It’s no news that retail real estate is in a downward spiral. It started slowly 10 to 15 years ago as timed constrained shoppers were getting tired of getting stuck in traffic and reduced their mall trips. E-commerce accelerated the trend. Efforts at trying to make mall shopping more experiential have fallen flat.
And stuffing brand stores into high-street urban locations has run its course too—rents are dropping along the most coveted shopping strips in the country. We’re at the top of the economic cycle and the retail real estate tailspin is savaging NCREIF performance—the core index delivered only a 1% return in the second quarter. So what happens in a recession when chain stores inevitably retrench further? The number of closings could be unprecedented.
All the ongoing disintermediation raises a crucial question. Can institutions still consider bricks-and-mortar retail investments core real estate?

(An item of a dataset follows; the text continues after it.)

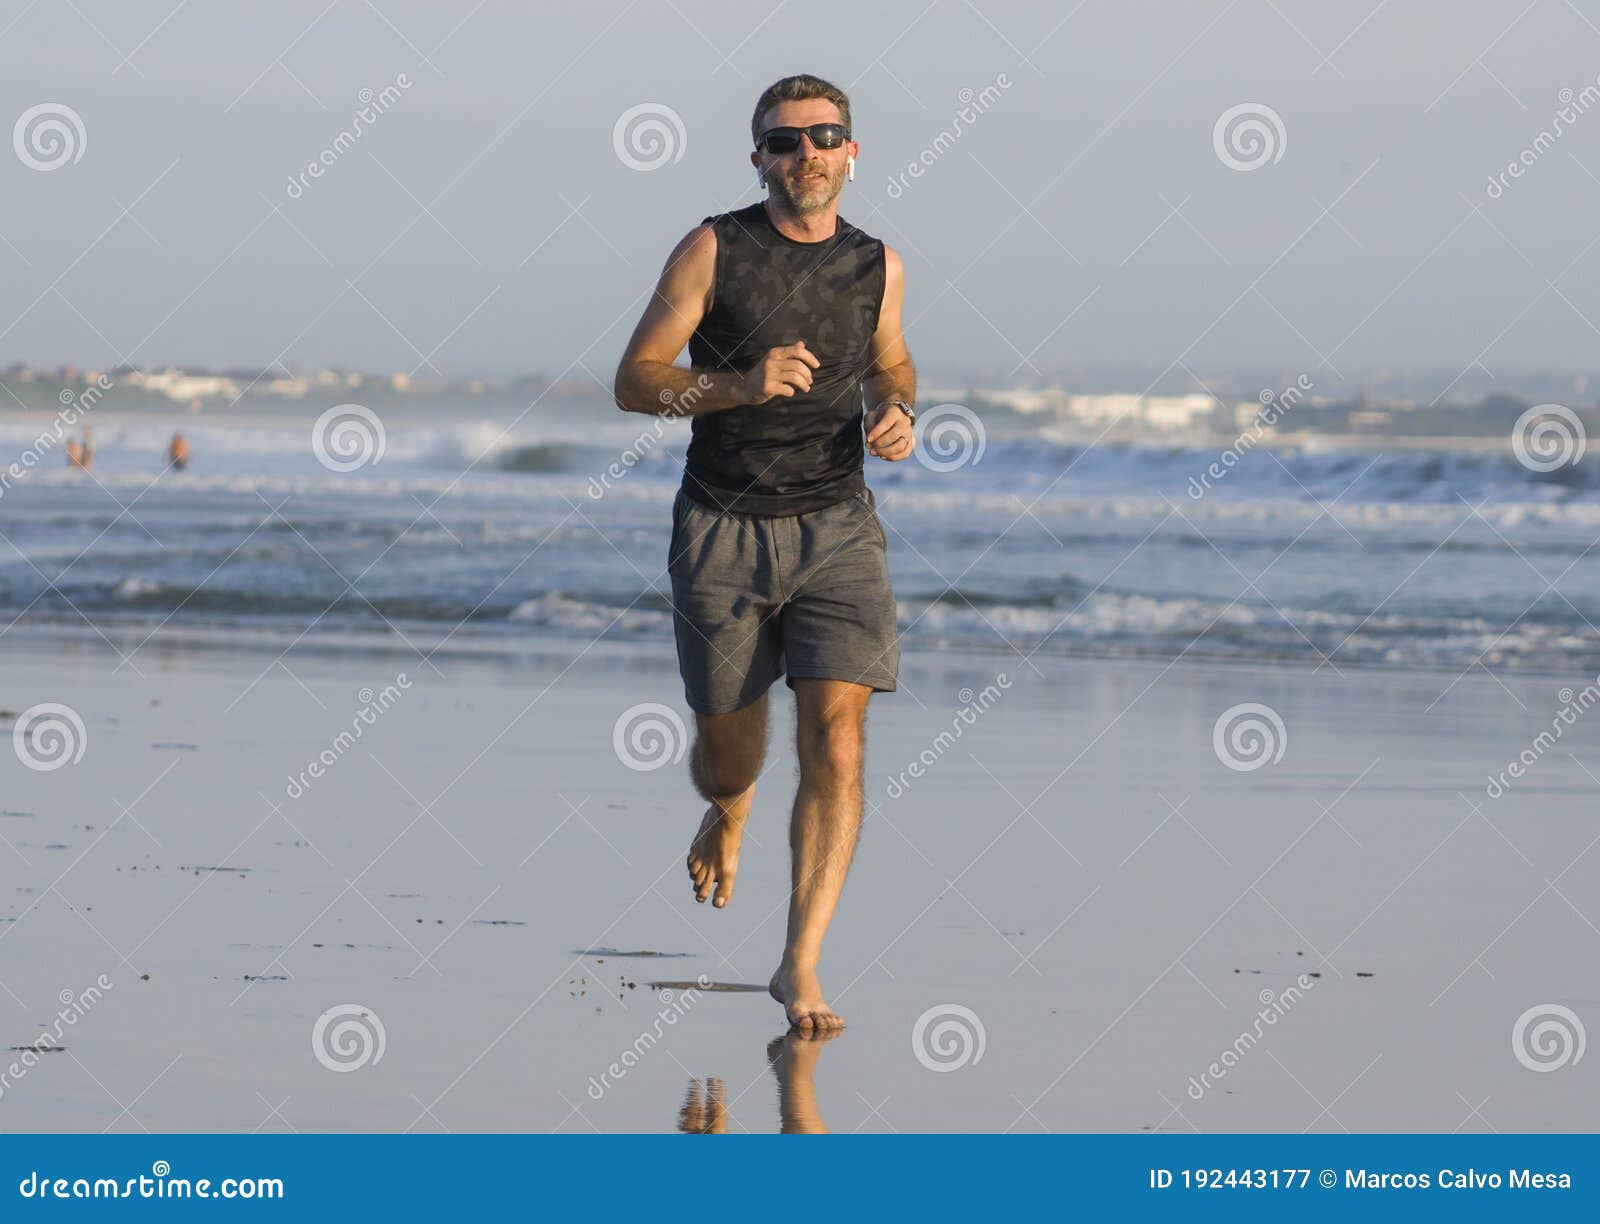 Jogging Verano Entrenamiento Joven Atractivo Y Adecuado Corredor Entrenamiento En Playa Corriendo Descalzo Y Feliz Imagen de archivo - Imagen de gente, activo:

Or have shopping centers turned into a much too volatile, high-credit risk component unable to reliably support income-producing strategies with tenants vulnerable to going belly up or reducing their footprints at any time in the economic cycle. Even the once-seemingly impregnable fortress malls catch a whiff of the unimaginable—losing brand names, cutting rents, shrinking store formats, looking for non-traditional tenants. In the 1960s, who thought Woolworths Five and Dime would ever disappear? Now anchor department stores—whose ranks have been shrinking for several decades–really look like dinosaurs and even once seemingly insulated luxury purveyors, the province of the one percent, go bankrupt. At strip centers local and regional grocers have been eviscerated by Wal-Mart, Target and Trader Joes, among other national behemoths. And in cities, do we really need any more corner drug stores or Starbucks?